Aim of the task
The material below should be copied line for line, please, with pictures omitted.

[Given data Boundary: Start]

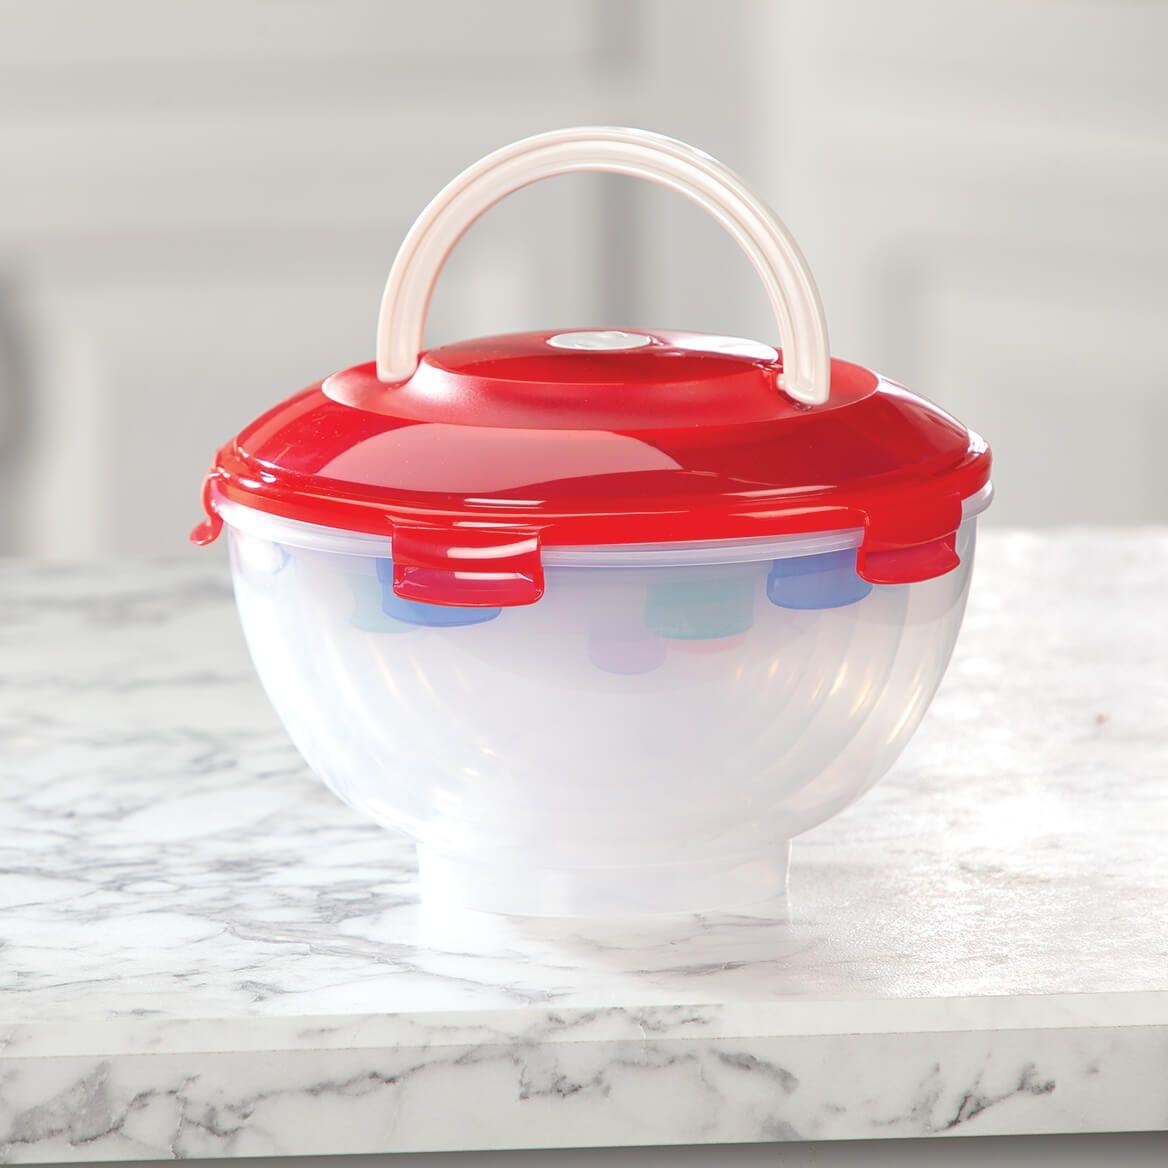 Locking Bowl Set with Handles, 10-Piece Set-371125
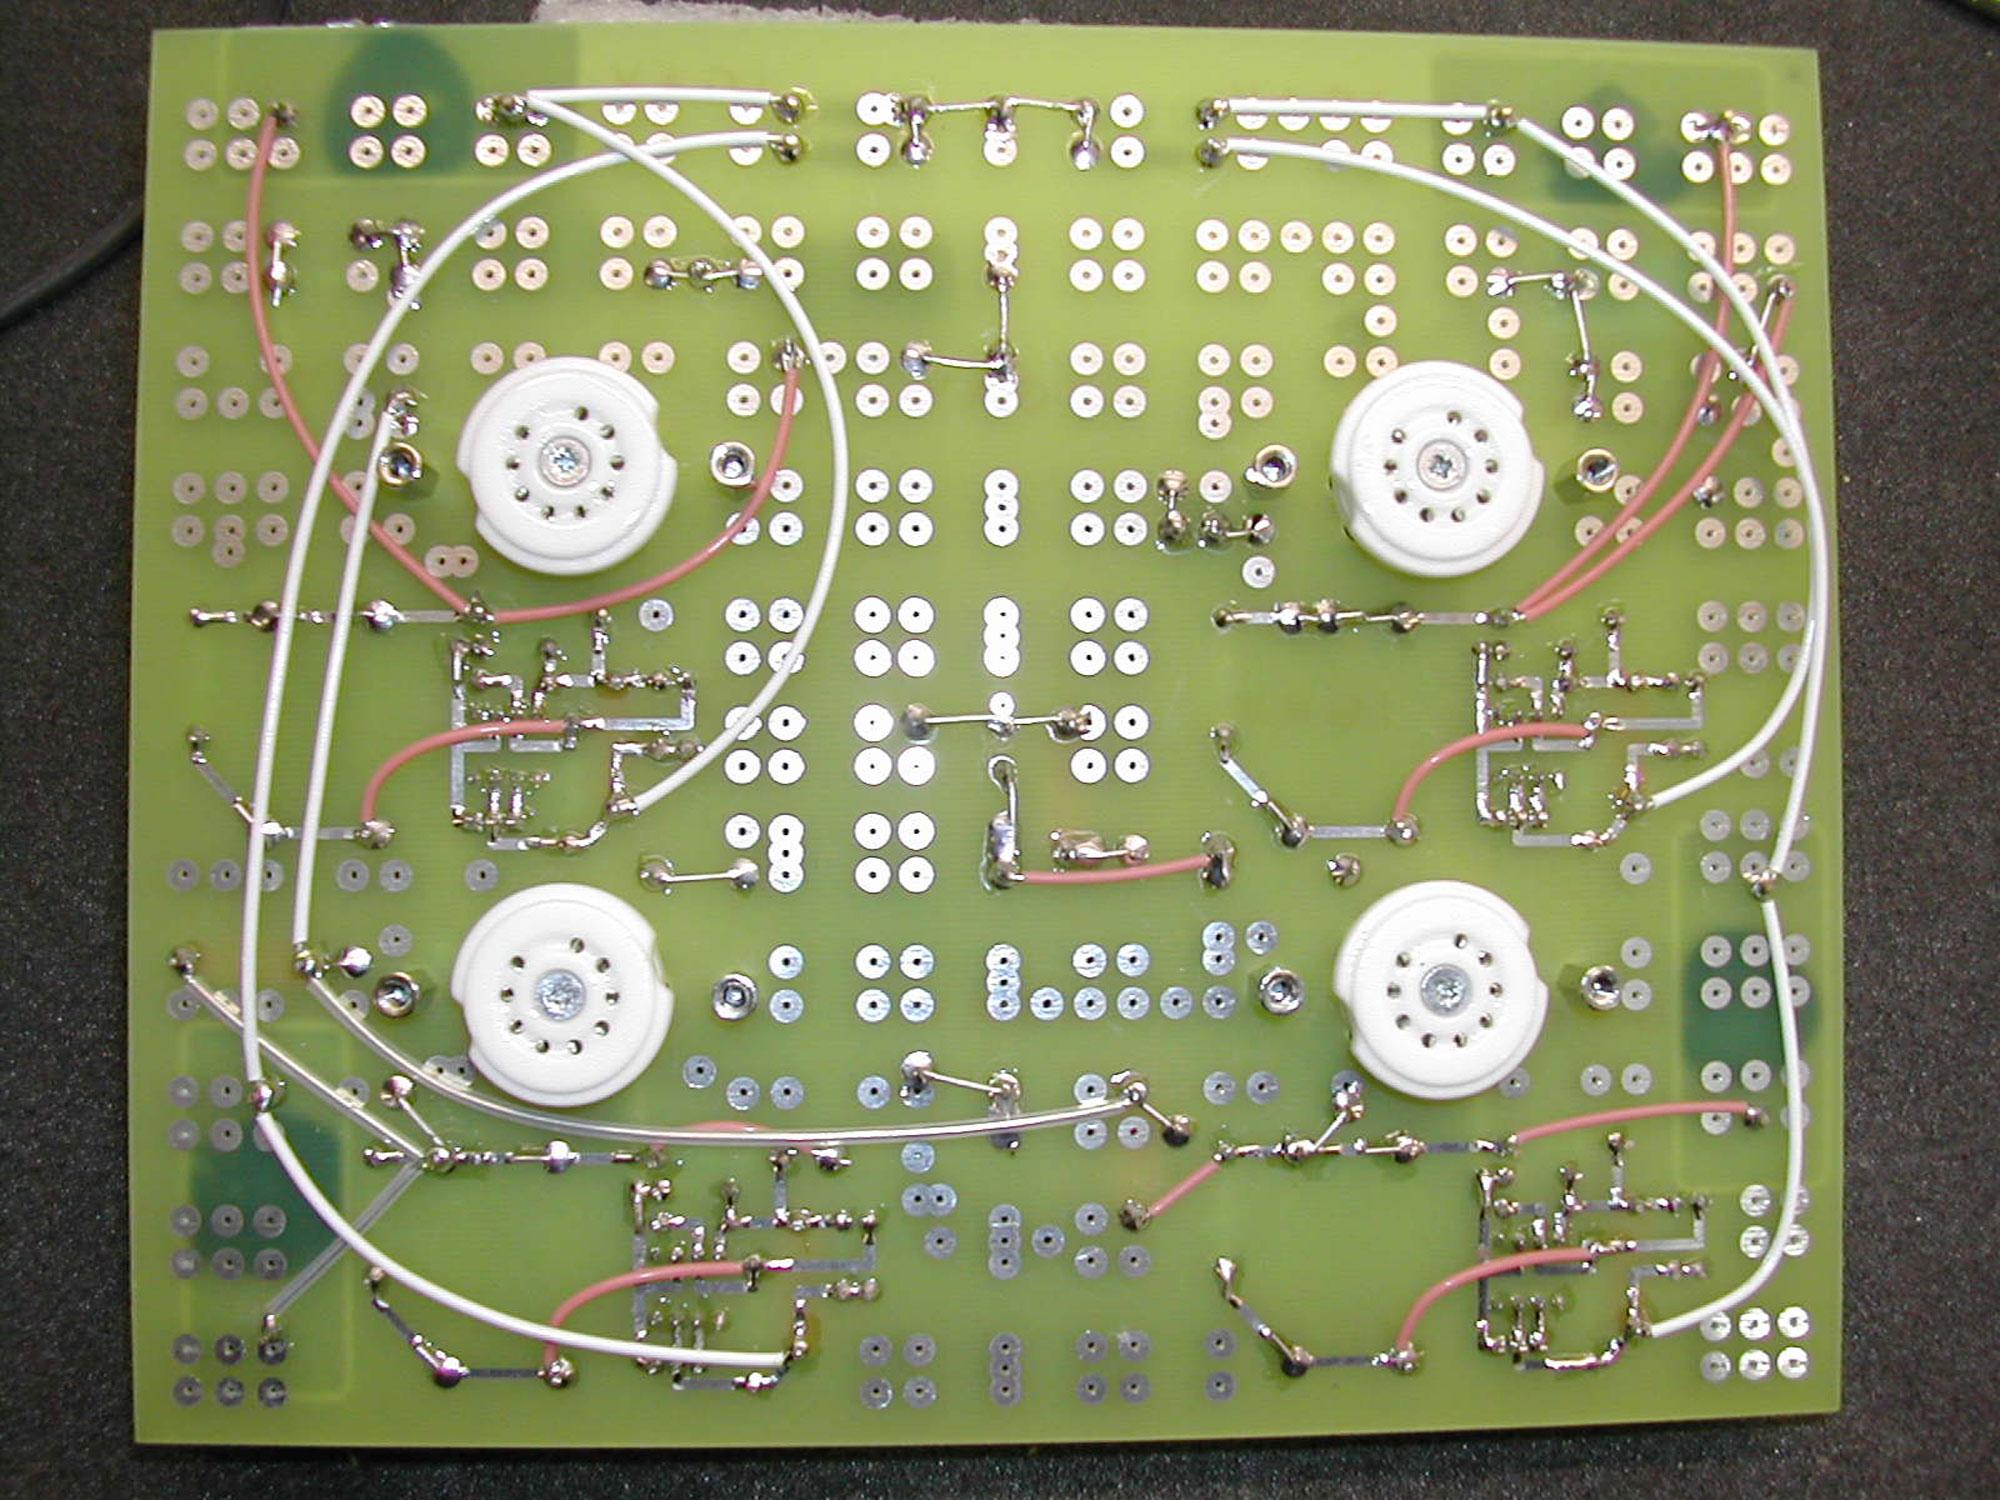 quattro-hard-wiring.jpg
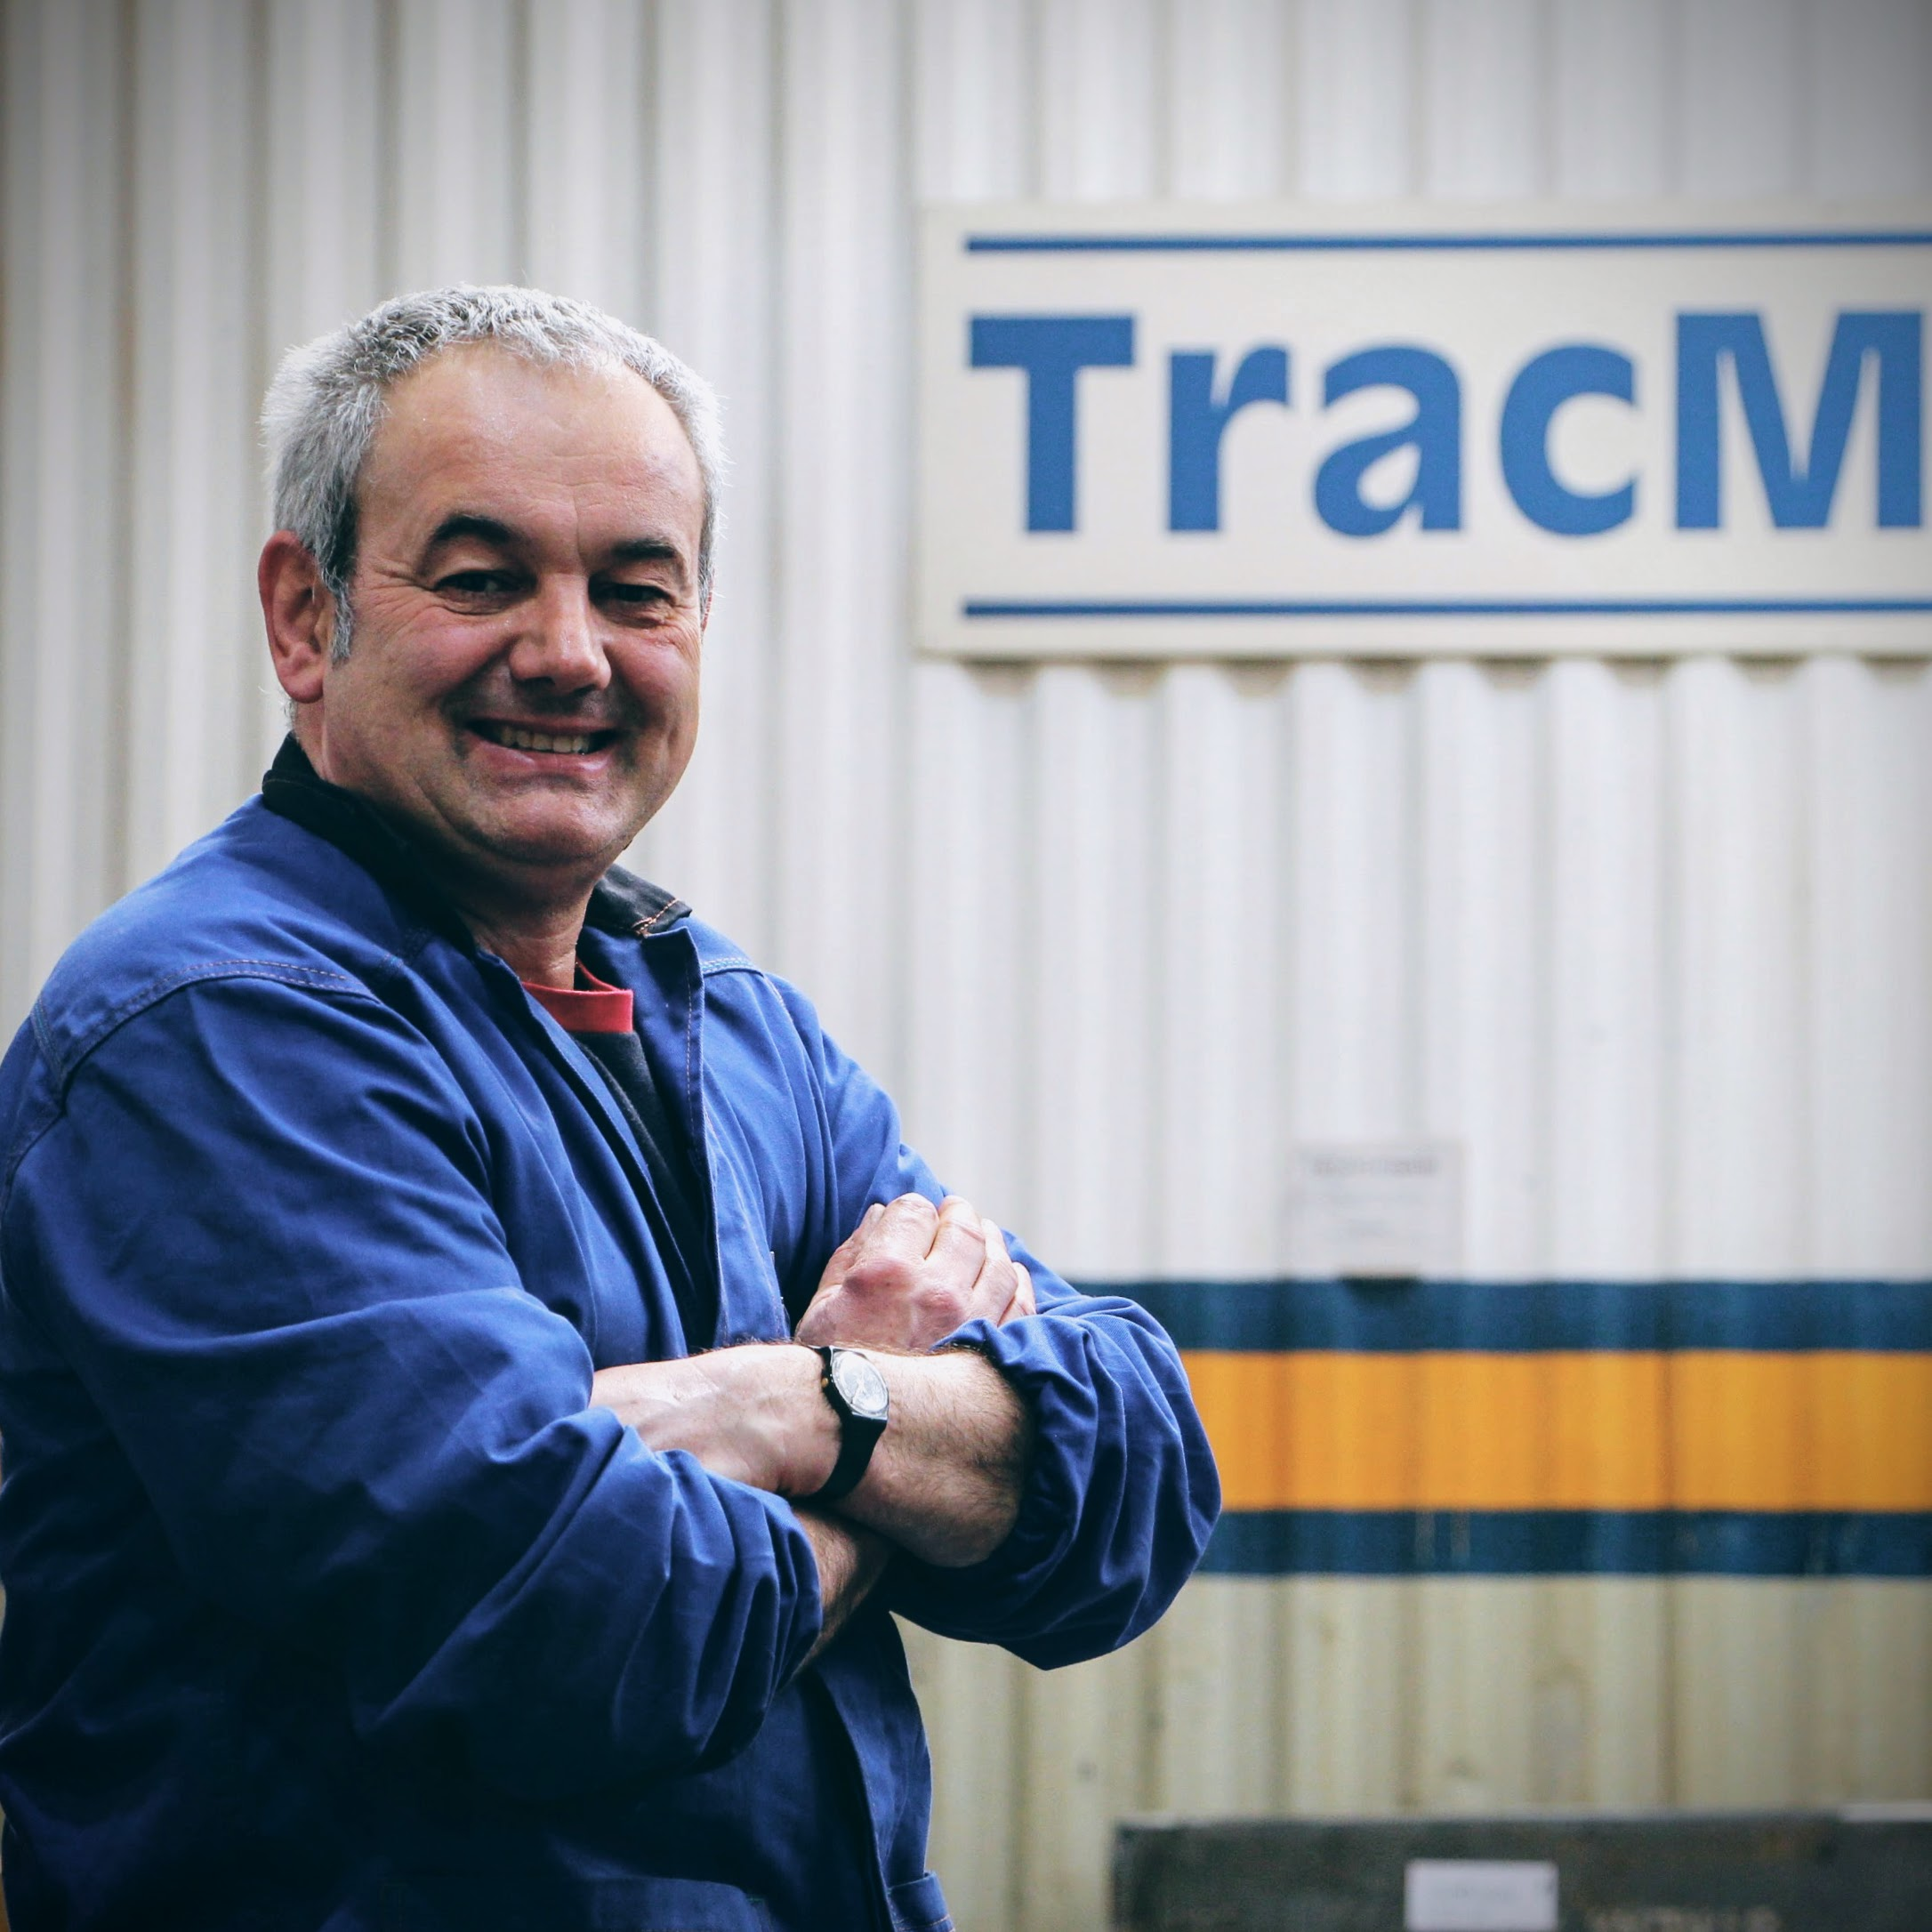 TracMec Staff

[Given data Boundary: End]

Response to the task
 Locking Bowl Set with Handles, 10-Piece Set-371125
 quattro-hard-wiring.jpg
 TracMec Staff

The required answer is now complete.